Over the last 12 months the trickle of people leaving is turning into a steady flow. Our specialty on the whole has problems attracting, especially with the nursing bursary gone. Most of the people I’m working with are trained overseas and we frequently have recruiting drives, flying out to the Philippines and other parts of the world.

Younger nursing staff find it very challenging and demoralising. Our specialty has always been intense, but what we don’t sign up for is tremendous pressure, overcrowding, and general unhappiness of patients.

Senior ITU sister, north-east England

‘ITU nurses are being sent on to wards’

Nurses are leaving ITU to do other jobs. In my unit, I’ve lost 5-10 with 10 years’ experience. These people are the backbone of a shift. They are going for less physical jobs, like Pip assessors or working in telephone triage.

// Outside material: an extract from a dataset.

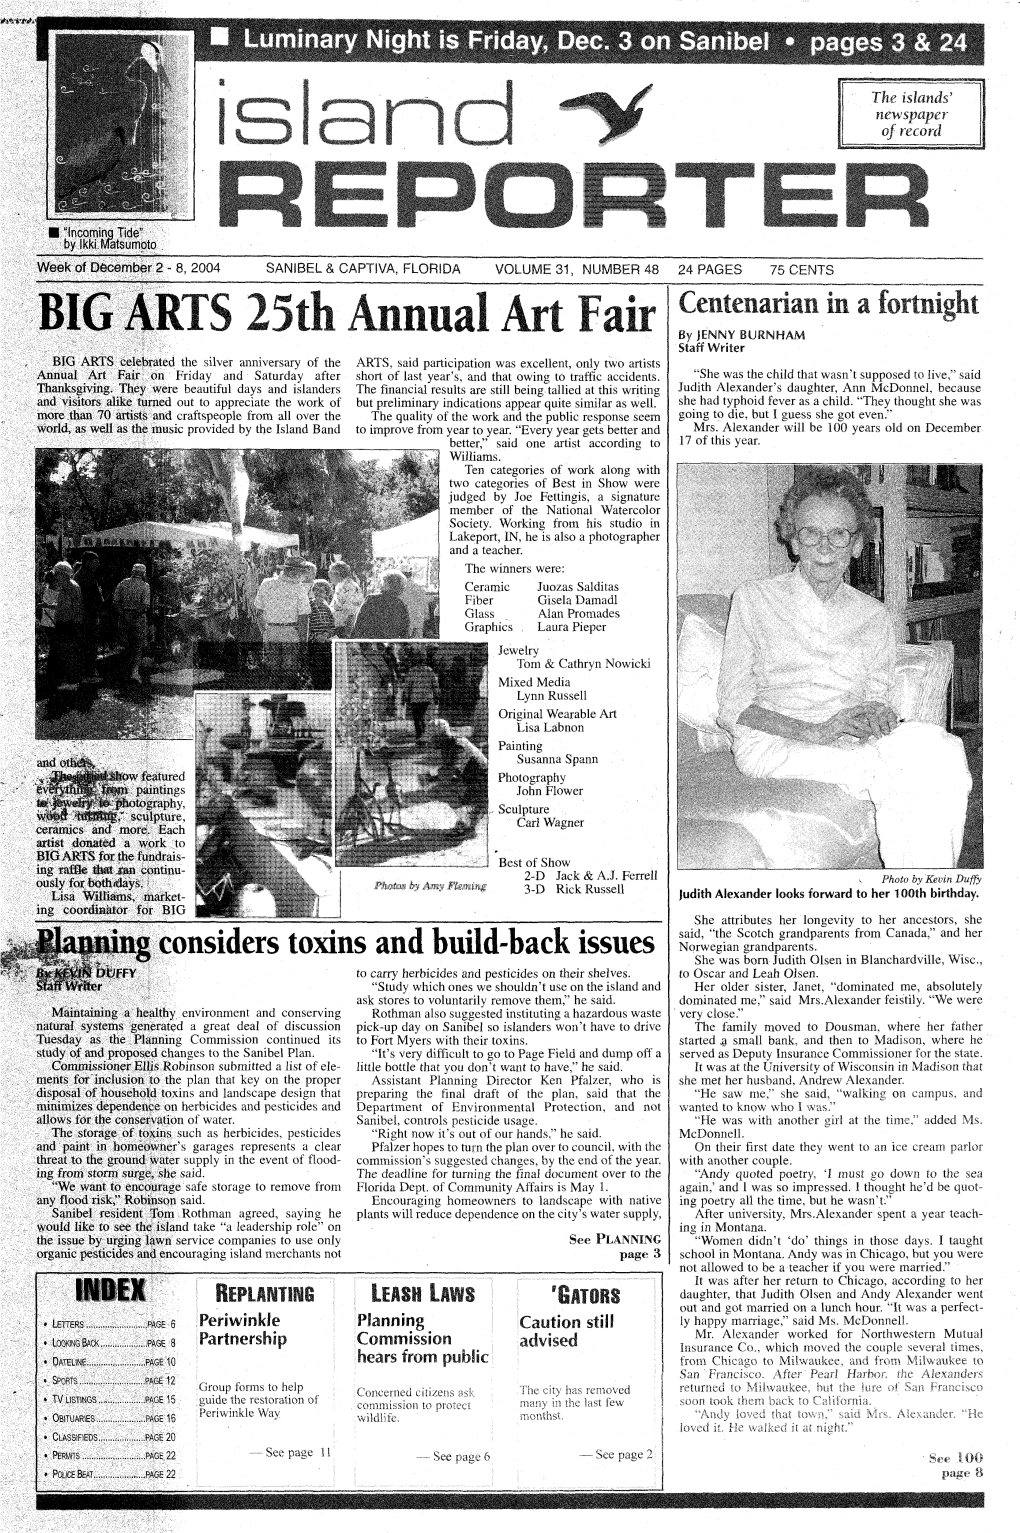 BIG ARTS 25Th Annual Art Fair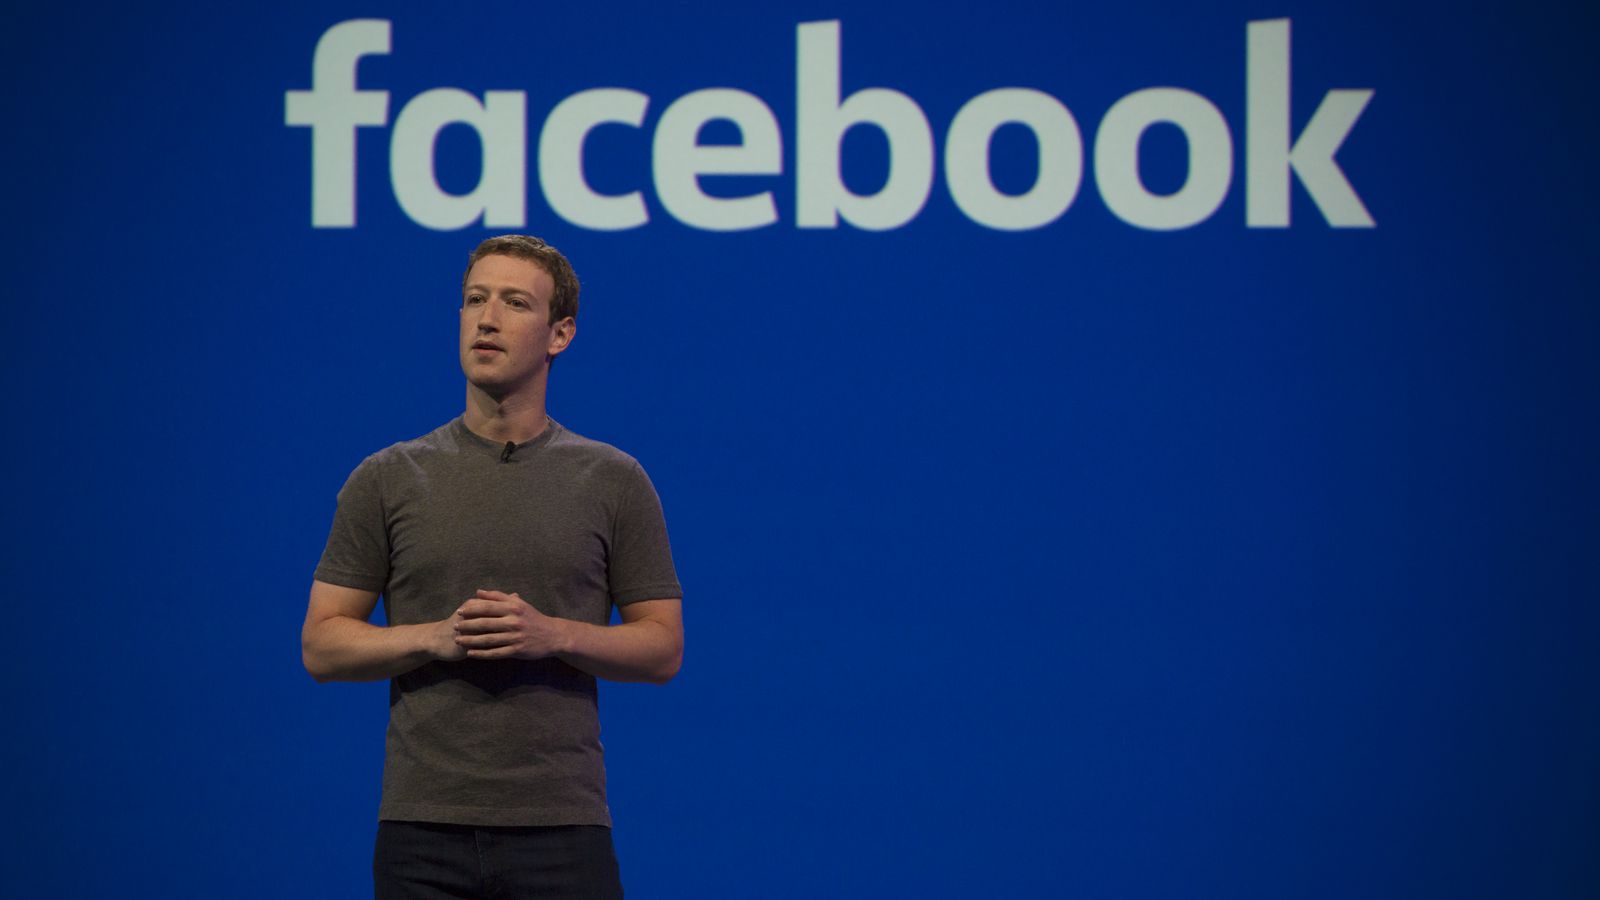 Παραδοχή Μ. Ζούκερμπεργκ ότι θα χρειαστεί χρόνια να λύσει τα προβλήματα προστασίας των προσωπικών δεδομένων του Facebook

Those coming through in the bottom ranks are underprepared and inexperienced. We try to support them the best we can but they rapidly become disillusioned. A lot of people are also quietly quitting from the job – just doing the bare minimum. We now have a downtrodden workforce, psychologically less able to do the job.

Critical care nurses are regularly being asked to support other parts of the hospital. It’s becoming a regular feature every day: wrung-out nurses sent to other areas on their days off that they aren’t experienced in. Some of the nurses have never worked on a ward during their training. It feels very unsafe and it makes people leave or go on sick leave.

We’re having problems with discharge; we have patients sitting in ITU beds who should be on wards, meaning the capacity on ITU is lowered as it’s a domino effect. There’s not enough staff or beds; the number of patients needing a hospital bed is increasing and will continue to. Everyone is trying to get scheduled work done, but cancellations will increase.

Hospital physiotherapist, north of England

‘We’re making more risky discharges’

There’s no care in the community, which has this huge spiral effect – patients stay longer and pick up another infection. People die in the hospital because we can’t get them home. It has got to a crisis point – I never thought it would get this bad.

A year ago, most patients who were fit for discharge were waiting two to three weeks at most; now it’s six to eight weeks. I think our longest has been about three months. The knock-on effect is that A&E is busier – there’s pressure on all of us to get people out.

We now have half the number of physiotherapists and assistants than before the pandemic. Staff leave and are not replaced, or are replaced by a more junior staff member. The guideline for stroke patients is they should have 45 minutes of therapy over five days – there’s no way we can provide that. We have to prioritise patients and that has a knock-on effect on length of stay.

Nurses are understaffed, too, which affects our ability to do our job effectively. In an ideal world, when we come in patients are dressed and ready for physio – now, through no fault of nurses, we have to help with that. It has a massive knock-on effect on their allocated therapy time.

A consequence of not having care in the community is that we have to make more risky discharges. If it’s marginal we now take that decision – we might send someone home who needs four care visits a day with just one. We’re having to use family, who are often desperate to get the patient home, as second carers a lot now. Sometimes the family doesn’t understand how dependent the patient now is and then they get readmitted because they can’t cope.

When patients are readmitted because support is not in place it makes you so disillusioned. It’s mostly elderly and frail patients with more complex needs. We have a growing elderly population but nothing in place.